It may be tempting to think so at times, but one way to counteract this is to constantly “open doors” in your life with new skills and expanding the world of you.

 

  • If you’re Over-Analytical, Know When to Turn it Off.

THIS is something I have issues with. Still.

Whether it be with students’ feedback or internet comments or even dislikes on videos, do realize that creating hypothetical situations and “stories” can actually be harmful. A lot of this has to do with competitive school culture, but once you really leave you’ll realize that most human beings are actually quite forgiving of…almost anything, actually. As long as it isn’t done out of pure malice, that is.

 

  • Ask People Questions About Their Story. Frame Their Lives as a Story.

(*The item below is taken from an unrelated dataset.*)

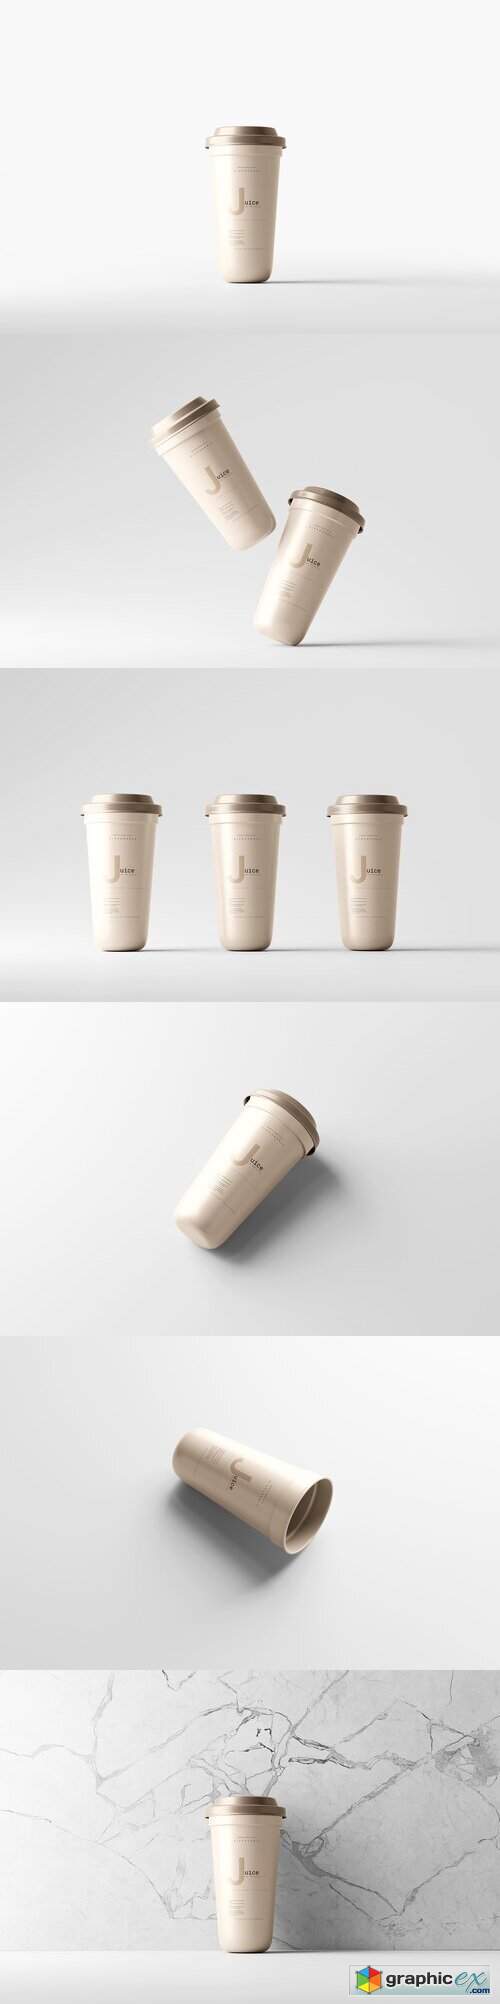  Disposable Plastic Cup Mockup 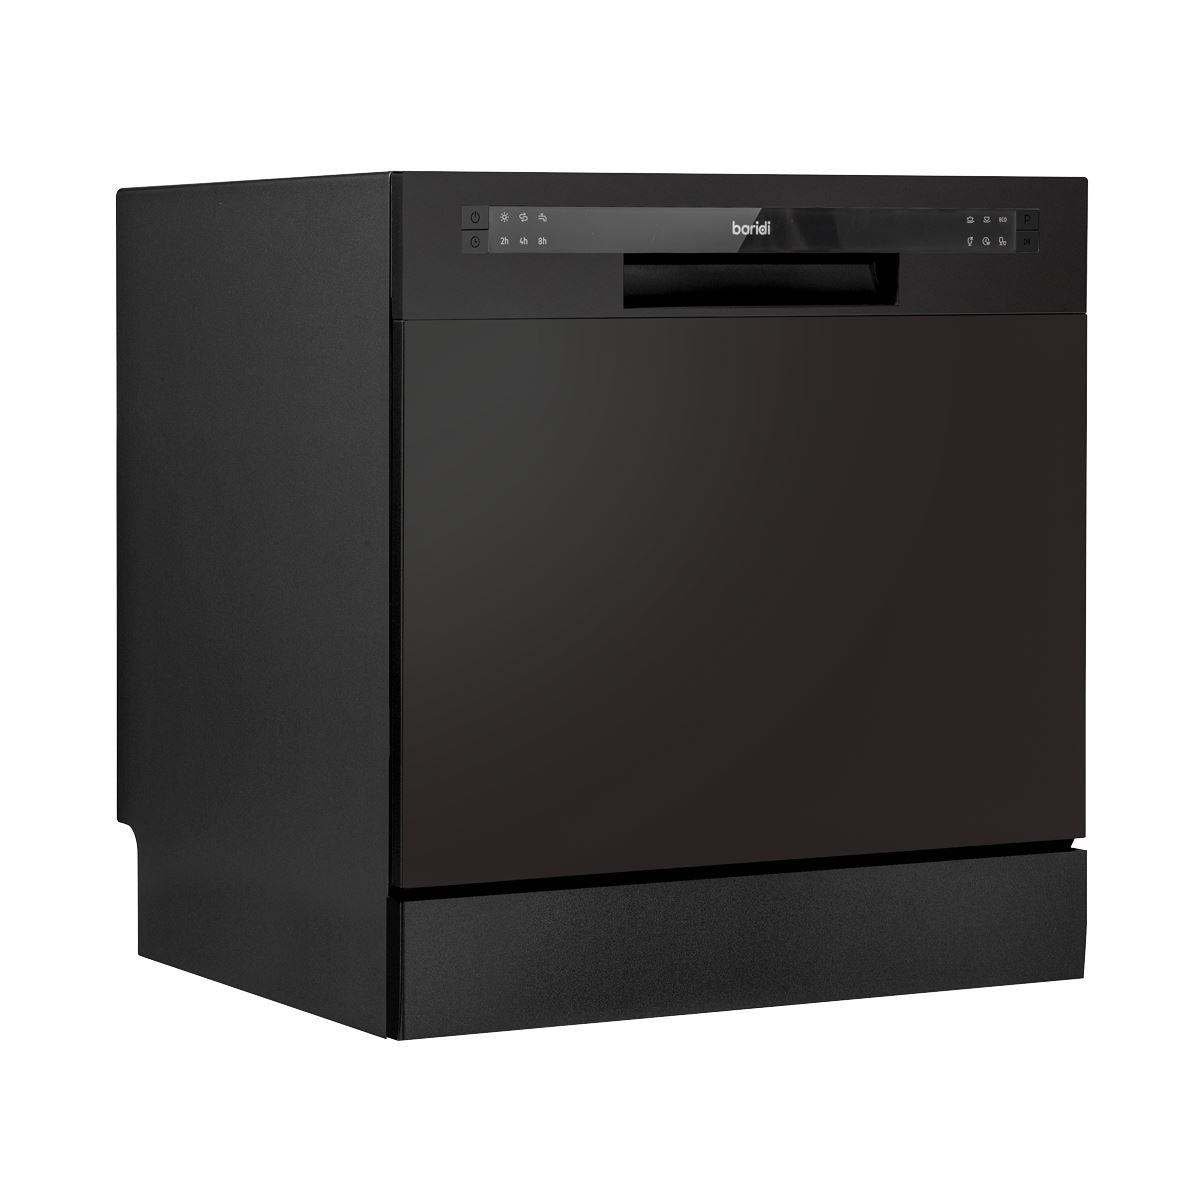 Baridi Compact Tabletop Dishwasher 8 Place Settings, 6 Programmes, Low Noise, 8L Cycle, Start Delay - Black

For example, I’ve met Jewish converts and “newly minted” American citizens on a weekly basis for some time now. I’m curious to hear about how Judaism / American-ness makes them feel. Same for many other identities as well, whether it be discovery of a language like (Spanish / Danish / Yiddish / Thai / etc.) or having recently moved to New York City.

Often I got remarks like “I’ve always wanted to open up to people about this, but they almost never asked”.

 

  • Open Doors for People (Well, Yes, Literally, but Also in a Figurative Sense)

When I was in Yad Vashem in December 2012 (which, looking back on it, was one of the most transformative months of my life. I visited Skansen in Stockholm for the first time and visited many of Israel’s holy sites that I hadn’t seen before), there was one remark from a Swedish priest that still rings with me to this day.

“There were some of the teachers that tried to open doors for me. And there were others that tried to close doors for me”, he said.

In my teaching and in my conversations, I want to make people realize that their dreams can come true. I praise people for their tough decisions and their artistic determination. I want to act as an energizer and let them know that becoming their ideal self is always possible.

 

  • Know that You are a Legend and Other People Will Remember You.

 

Perhaps this one requires a good deal of egoism. But egoism isn’t necessarily a bad thing. If you use it to lift other people up, especially in times of despair, then it can actually be a divine virtue, in a sense.

See yourself as a legend beyond compare, as if the future of the world depends on your every action, in a sense. See yourself as a comic book character with layers of deep change and vulnerability. See yourself as someone who has to use his / her / their powers for good. Use that power to make others believe in themselves and feel appreciated and cared for.

 

After all, YOU may be the person upon whom the future of humanity depends. And you may not even know it yet!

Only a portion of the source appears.